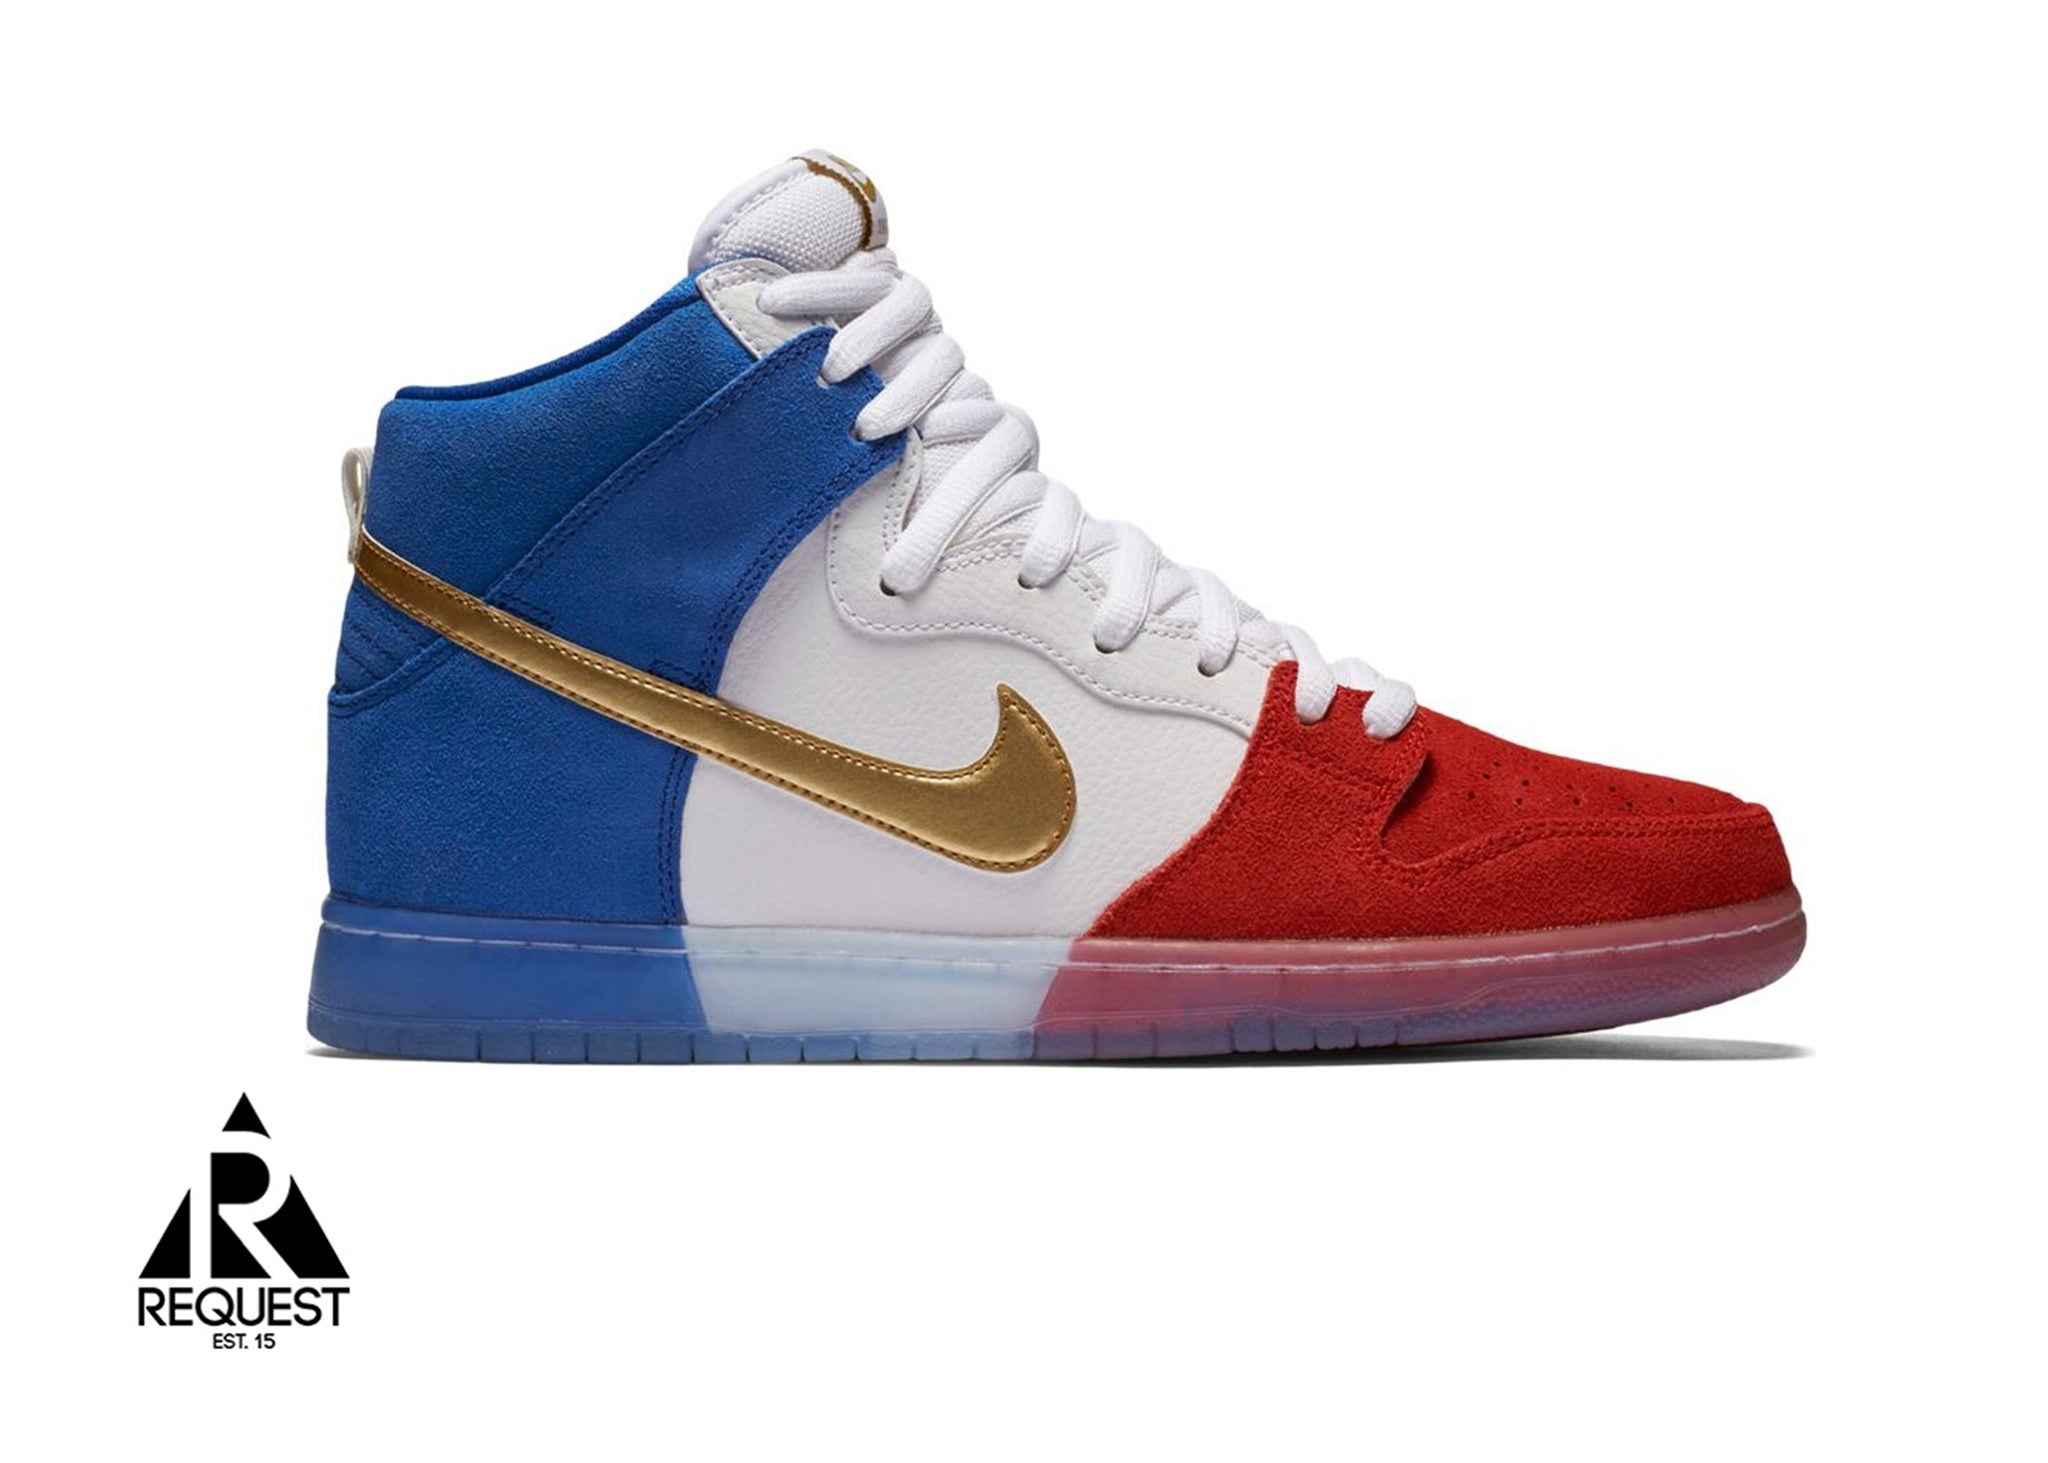 Nike SB Dunk High “Tri-color USA” | Request
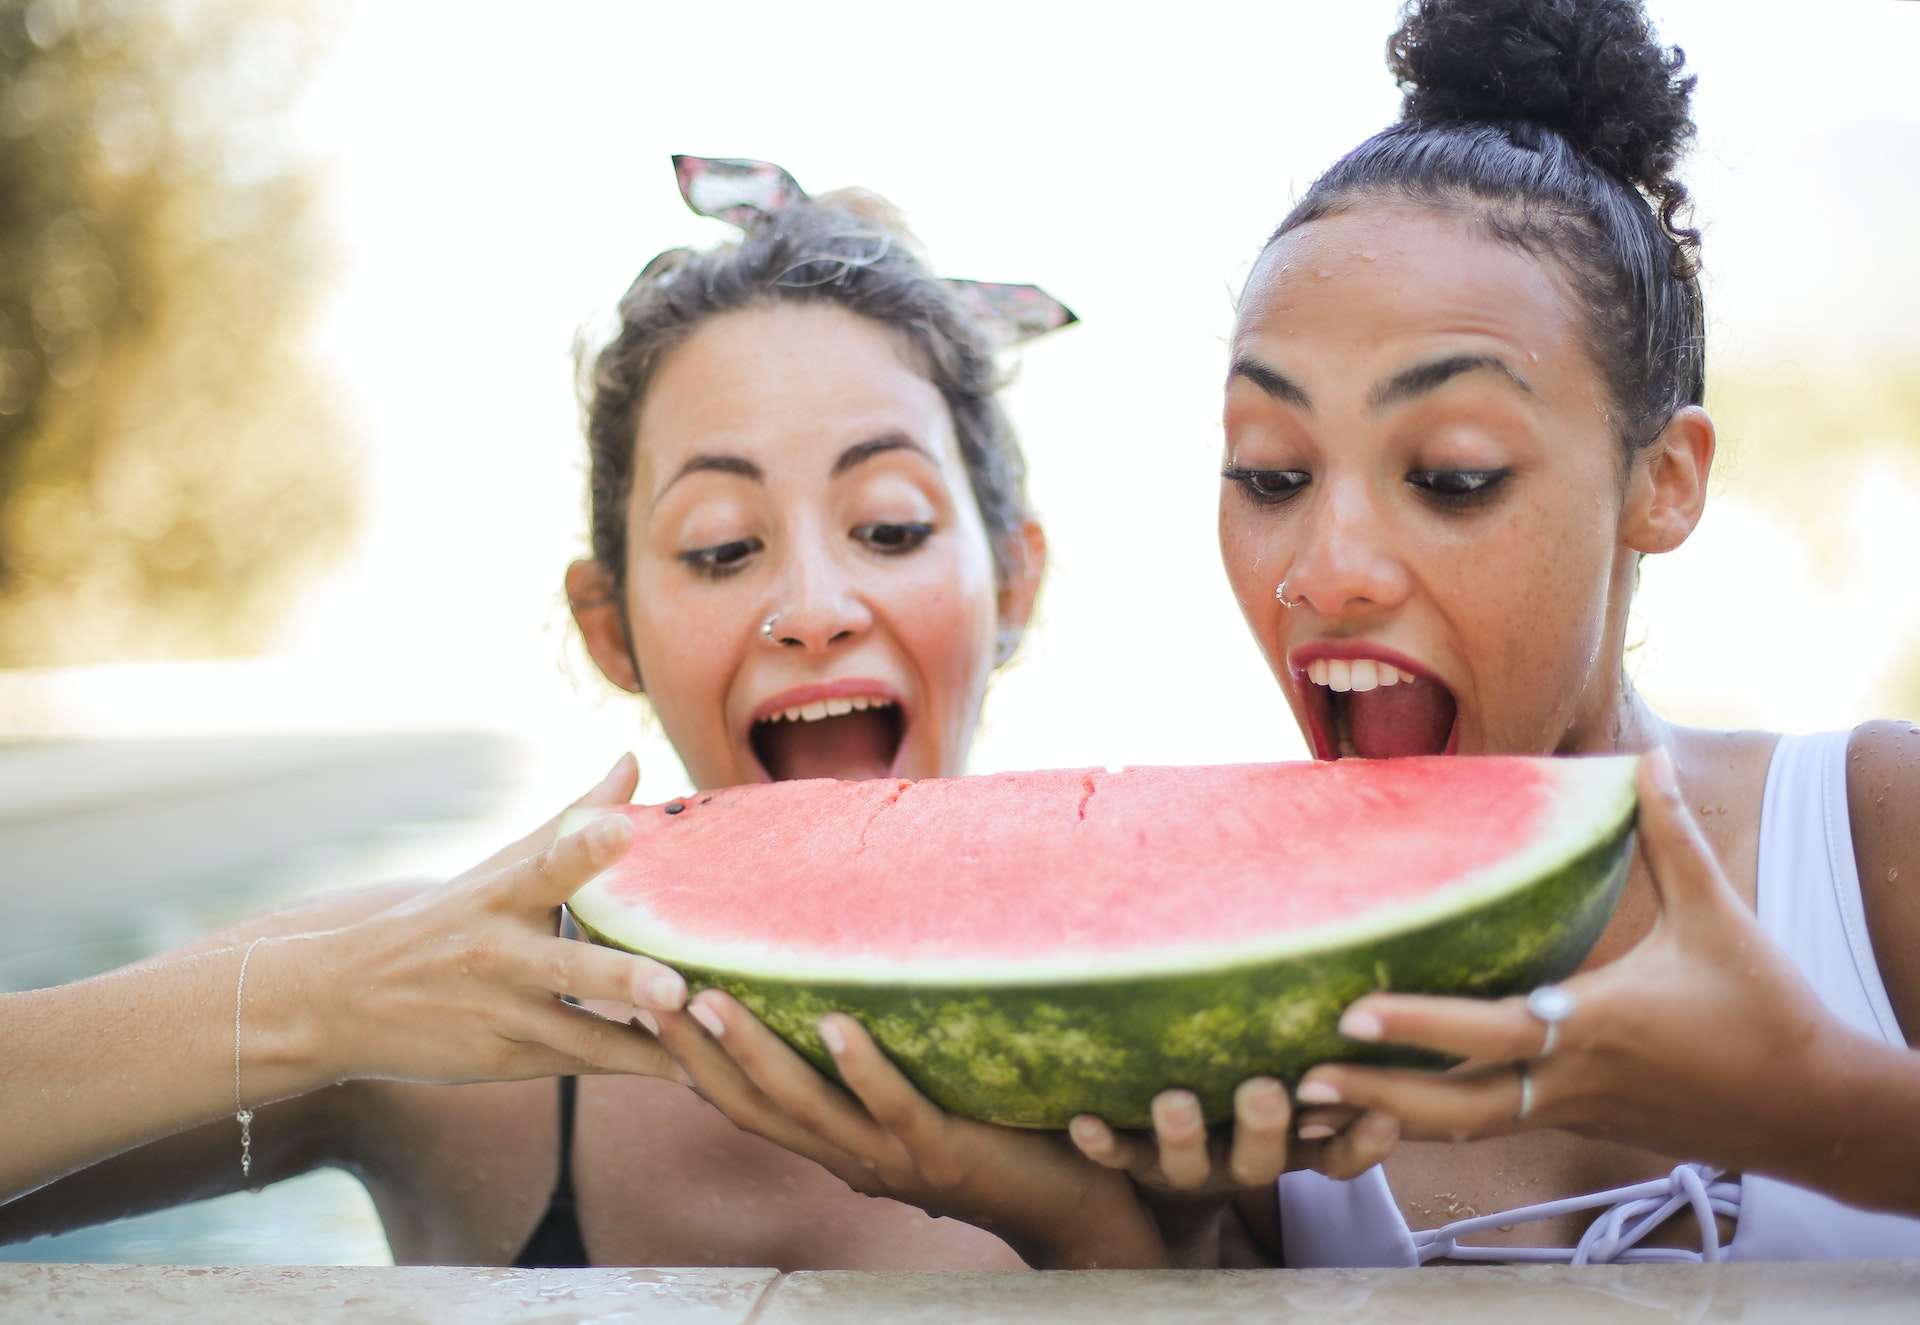 Photo Of Women Eating Watermelon
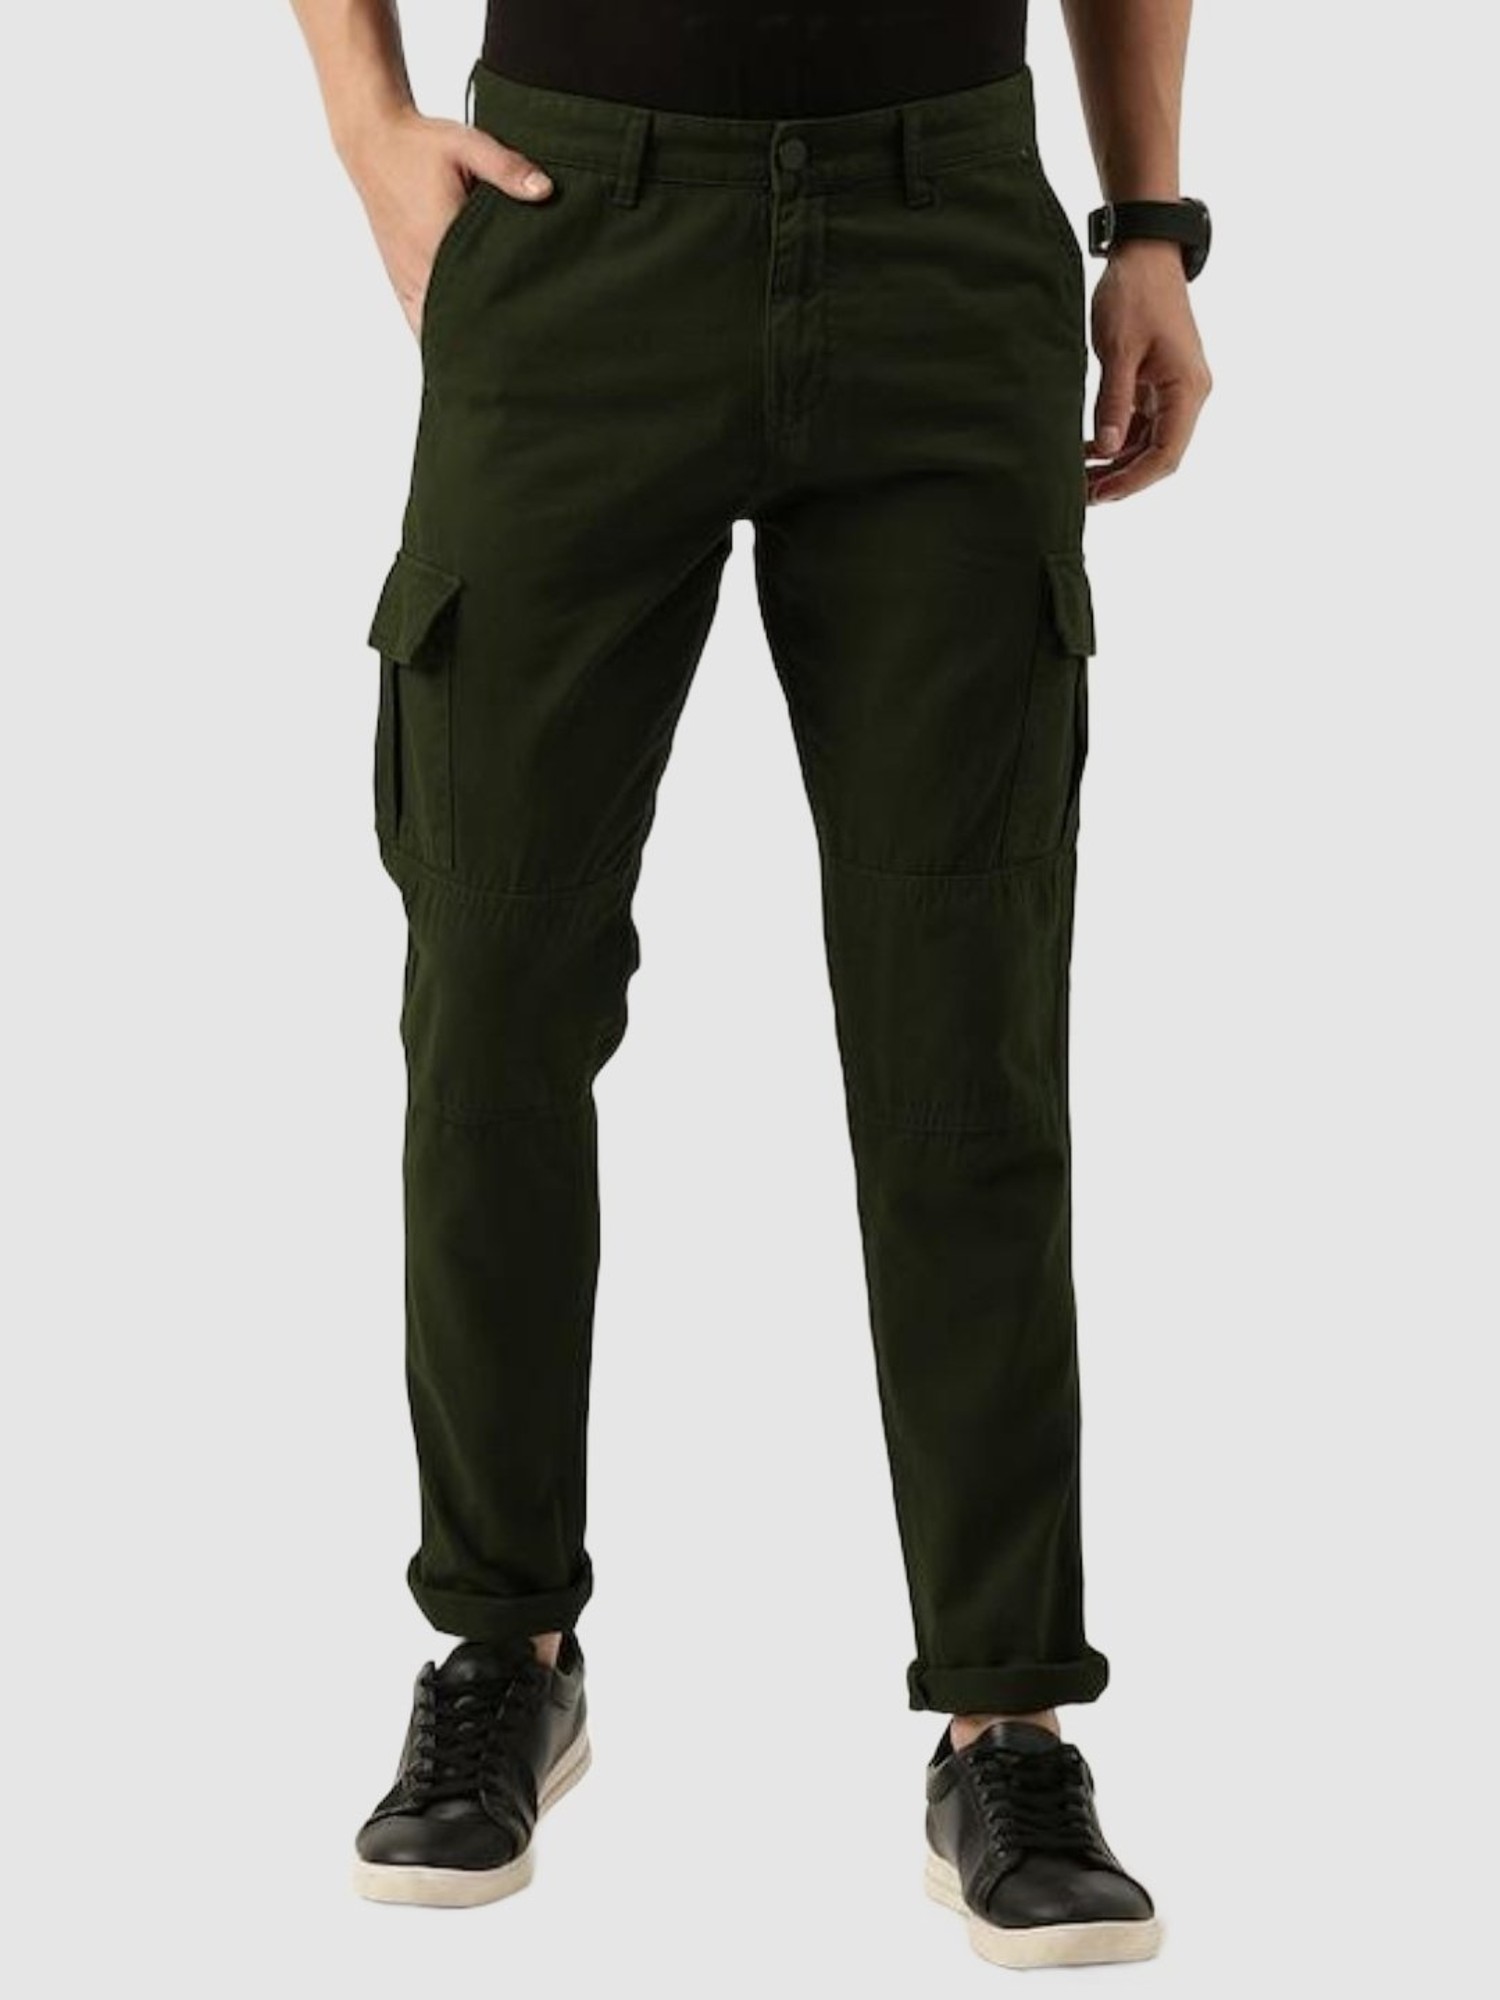 Buy Mens Green Cargo Trousers for Men Green Online at Bewakoof

## [REQUIRED WORK]
Please write out all of the data verbatim, with no pictures in the copy.

## [WORKED SOLUTION]
 Nike SB Dunk High “Tri-color USA” | Request
 Photo Of Women Eating Watermelon
 Buy Mens Green Cargo Trousers for Men Green Online at Bewakoof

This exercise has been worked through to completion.